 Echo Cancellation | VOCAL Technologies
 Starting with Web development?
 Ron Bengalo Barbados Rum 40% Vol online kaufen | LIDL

= = = = =

Your job is to write out the data exactly as it stands.

## RESULT
 Echo Cancellation | VOCAL Technologies
 Starting with Web development?
 Ron Bengalo Barbados Rum 40% Vol online kaufen | LIDL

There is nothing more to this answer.